INDEX and MATCH to find duplicates, then CONCATENATE all Text in a single column that matches the results of the INDEX|MATCH, or Loop to find dupes?

blbat

Active Member
Joined
Mar 24, 2010
Messages
325
This is going to be painful to explain- apologies in advance!

I have an exported Excel Spreadsheet that contains a record set in which each row is uniquely identified by the "Agent Name" Column and the "Ticket #" Column. Only one unique Ticket number can be assigned per sale, per Agent.

Unfortunately for me, the data base that this file is exported from is butchering the export because the last field ("Remarks") is a free-form text field, and the text is messed up with hidden line breaks, and other hidden characters in the data base itself...the result is the export of each record is getting duplicate rows of the same sale, with the "Remarks" field being split out in multiple rows.
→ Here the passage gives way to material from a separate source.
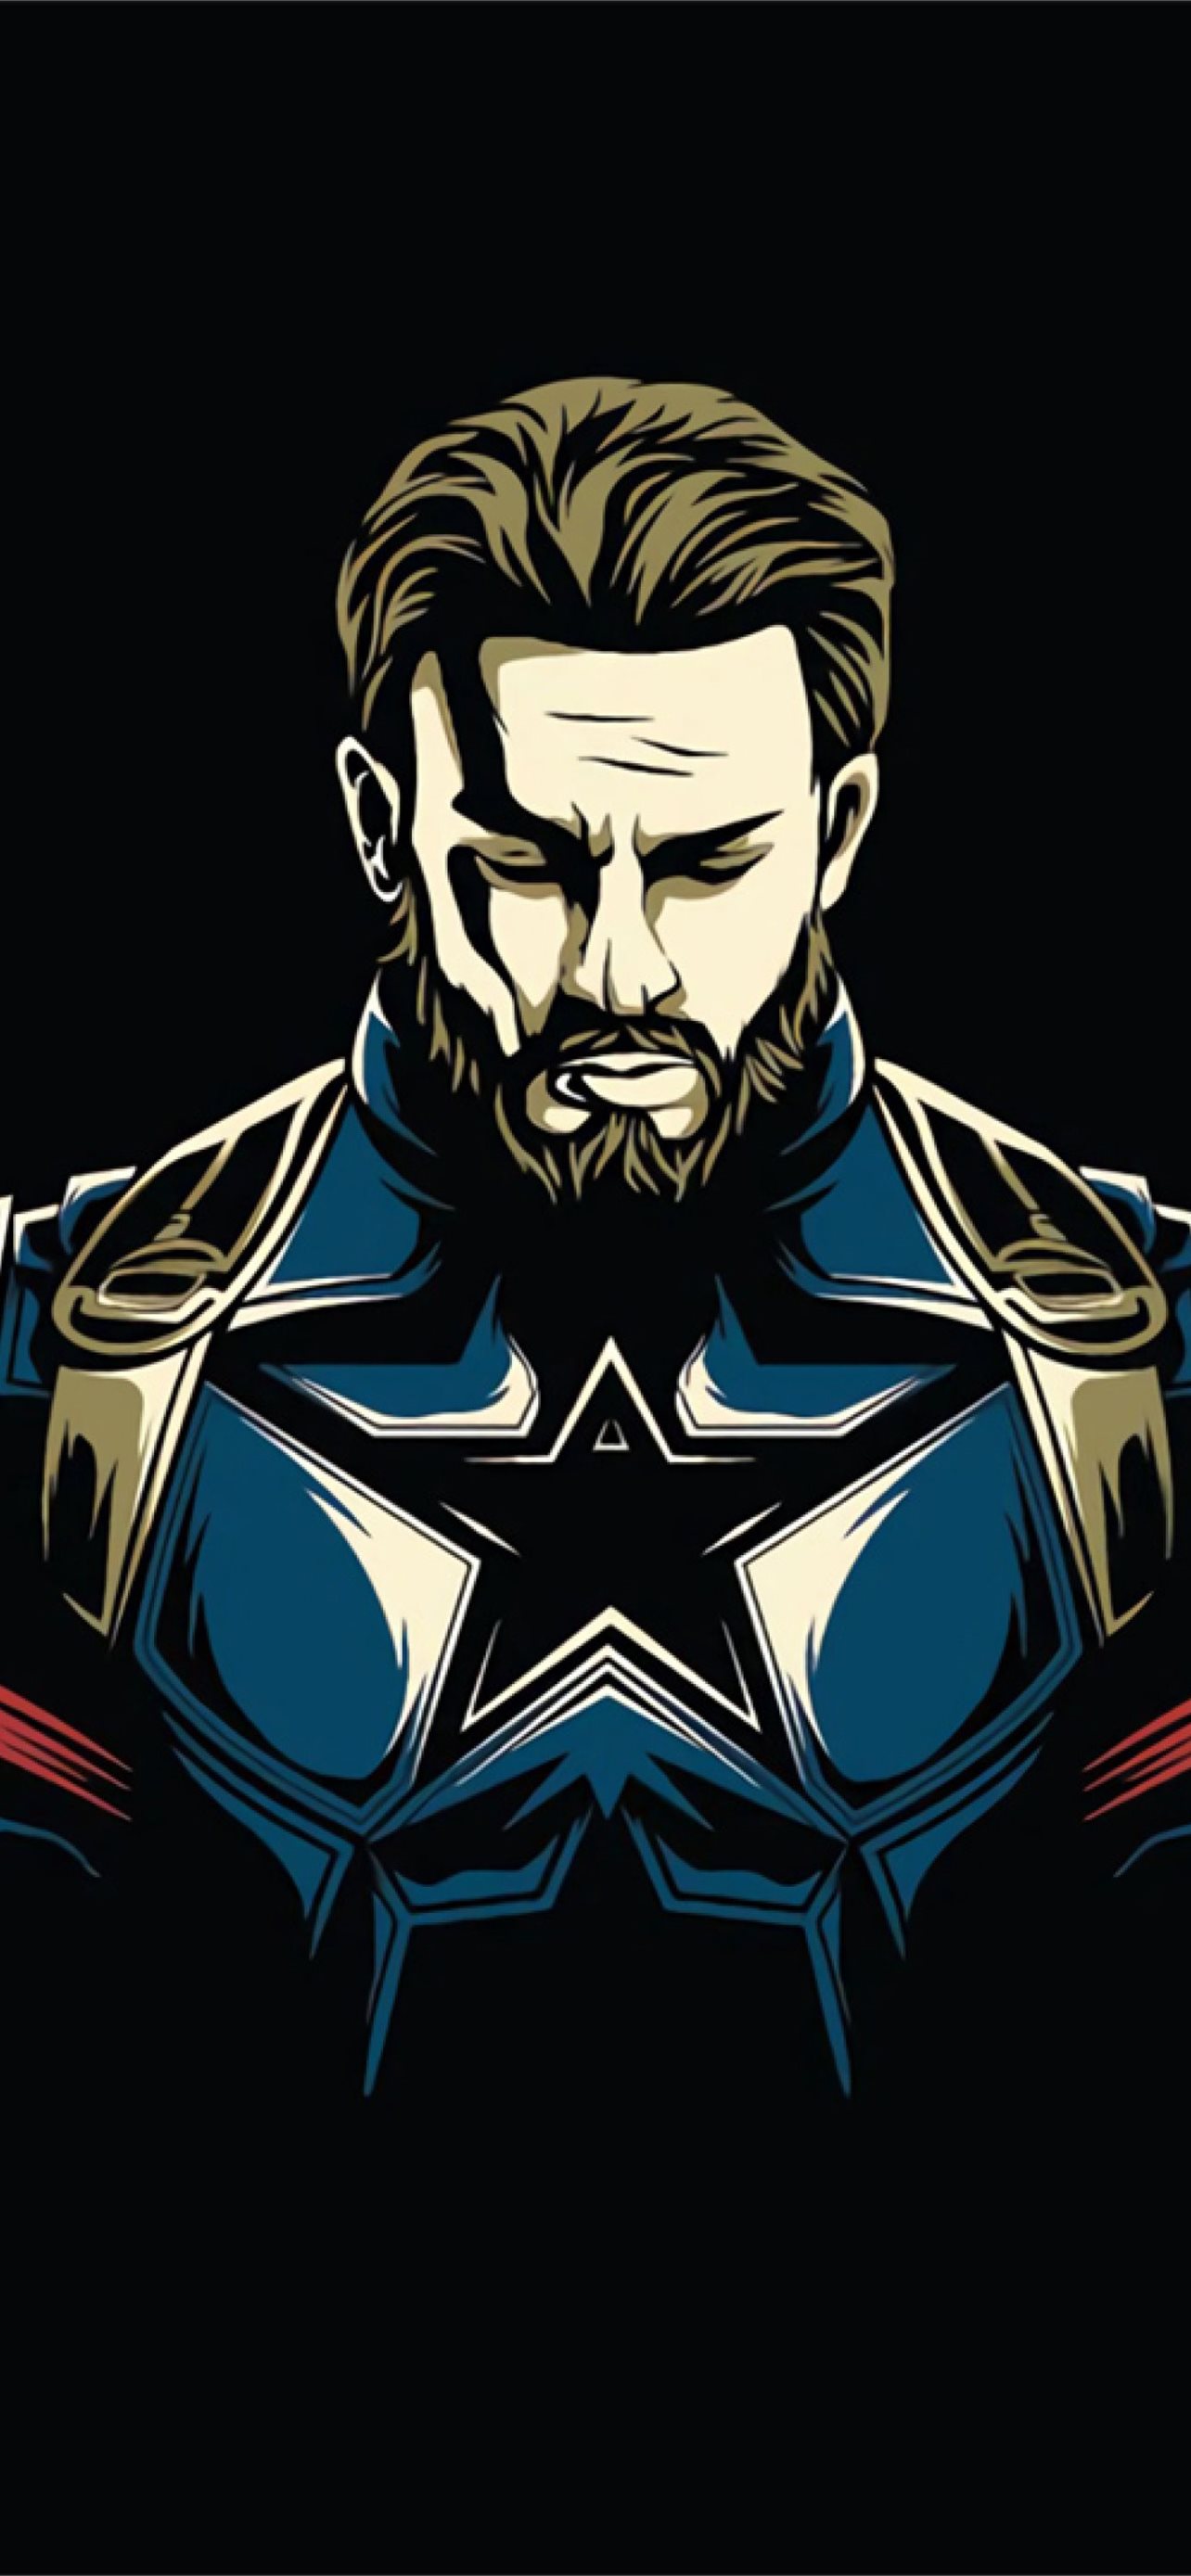 Wallpaper Captain America Marvel Comics 4K Art 18562

(I don't have admin rights on the data-base, so can't fix the problem on that side)

I hope the following illustrates what I'm trying to do...

This is an example of what is exported, Note column E text:

1626970715613.png


This is what it SHOULD be:

1626970728235.png


any help would be appreciated!

blbat
Excel 2016
 

Excel Facts

How to change case of text in Excel?
Use =UPPER() for upper case, =LOWER() for lower case, and =PROPER() for proper case. PROPER won't capitalize second c in Mccartney

DanteAmor

Well-known Member
Joined
Dec 3, 2018
Messages
14,177
Office Version
  1. 2007
Platform
  1. Windows
Your data on sheet 1, starting at A1.
The results on sheet 2, from A1 onwards.

VBA Code:
Sub ConcatenateText()
  Dim a As Variant, b As Variant
  Dim dic As Object
  Dim i As Long, j As Long, k As Long
  
  Set dic = CreateObject("Scripting.Dictionary")
  a = Sheets("Sheet1").Range("A1:E" & Sheets("Sheet1").Range("A" & Rows.Count).End(3).Row).Value
  ReDim b(1 To UBound(a, 1), 1 To UBound(a, 2))
  
  For i = 1 To UBound(a)
    If Not dic.exists(a(i, 1) & "|" & a(i, 3)) Then
      j = j + 1
      dic(a(i, 1) & "|" & a(i, 3)) = j
      For k = 1 To UBound(a, 2)
        b(j, k) = a(i, k)
      Next
    Else
      j = dic(a(i, 1) & "|" & a(i, 3))
      b(j, UBound(a, 2)) = b(j, UBound(a, 2)) & " " & a(i, UBound(a, 2))
    End If
  Next
  
  Sheets("Sheet2").Range("A1").Resize(j, UBound(b, 2)).Value = b
End Sub
 
Solution

blbat

Active Member
Joined
Mar 24, 2010
Messages
325
Dante!!!

I never cease to be amazed at some of your solutions.
This functions on first try.

Now, I am struggling to learn from what you wrote here-

>I don't understand why the use of ReDim in the: "ReDim b(1 To UBound(a, 1), 1 To UBound(a, 2))"
line... b was dimmed as a variant, but never set to any value prior to this line? I know there is logic at work here, I just don't know it.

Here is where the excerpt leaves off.